● **Data shown**:
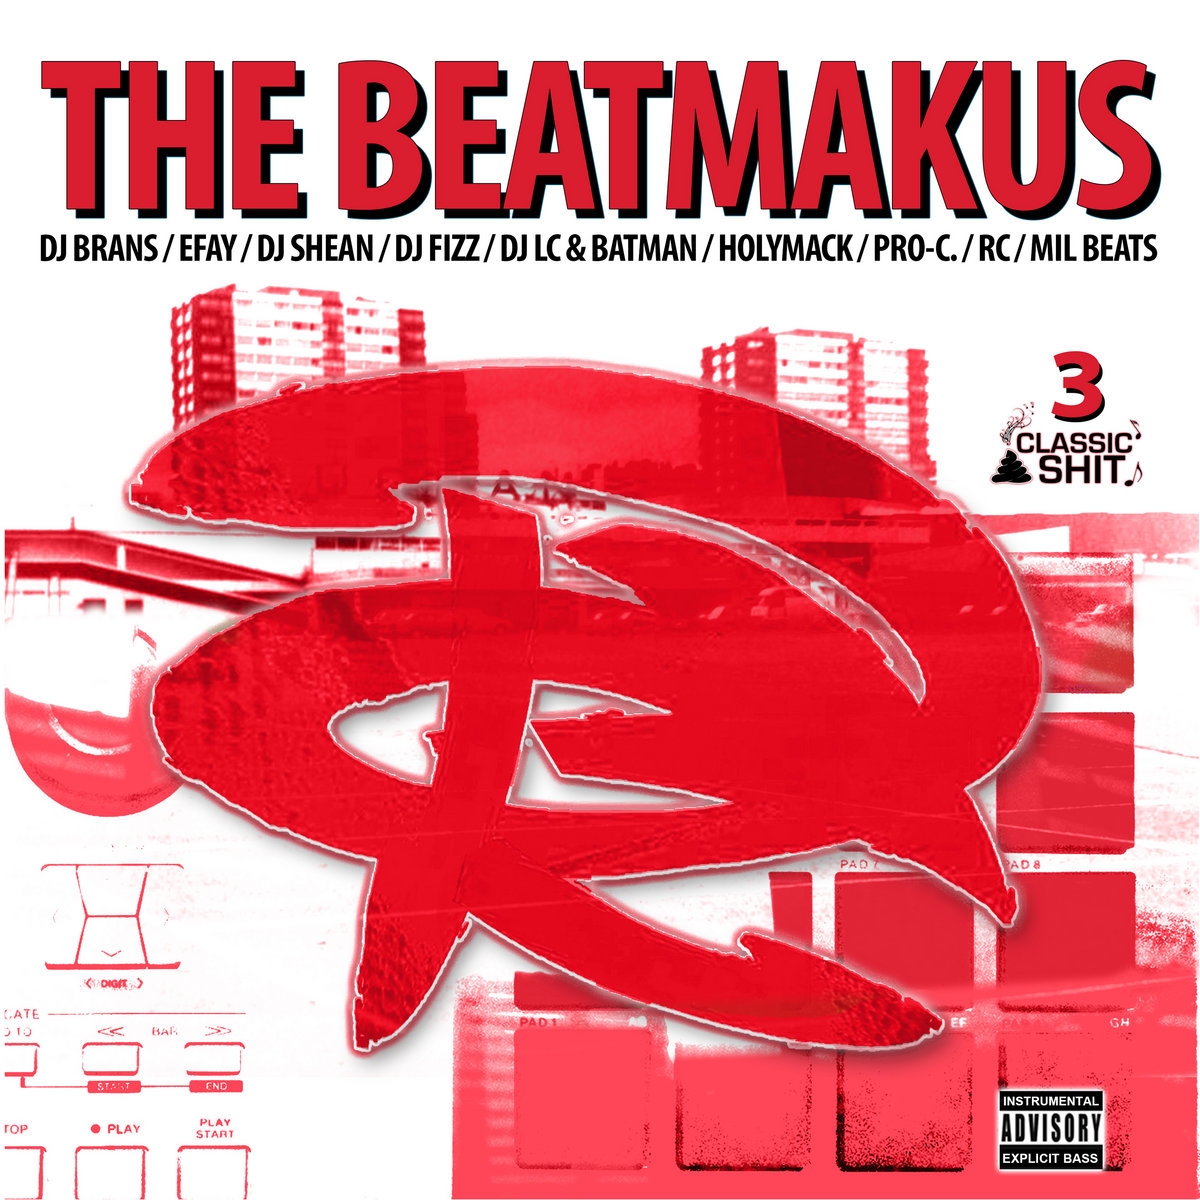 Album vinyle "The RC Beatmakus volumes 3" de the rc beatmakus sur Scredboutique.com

--

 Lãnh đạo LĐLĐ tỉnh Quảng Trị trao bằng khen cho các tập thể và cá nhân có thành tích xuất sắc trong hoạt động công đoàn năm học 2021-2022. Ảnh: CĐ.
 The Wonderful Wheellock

● **Work to complete**: Only the lines above from the one with "Lãnh đạo LĐLĐ" through the one with "The Wonderful Wheellock" should be duplicated, character for character.

● **Task solution**:
 Lãnh đạo LĐLĐ tỉnh Quảng Trị trao bằng khen cho các tập thể và cá nhân có thành tích xuất sắc trong hoạt động công đoàn năm học 2021-2022. Ảnh: CĐ.
 The Wonderful Wheellock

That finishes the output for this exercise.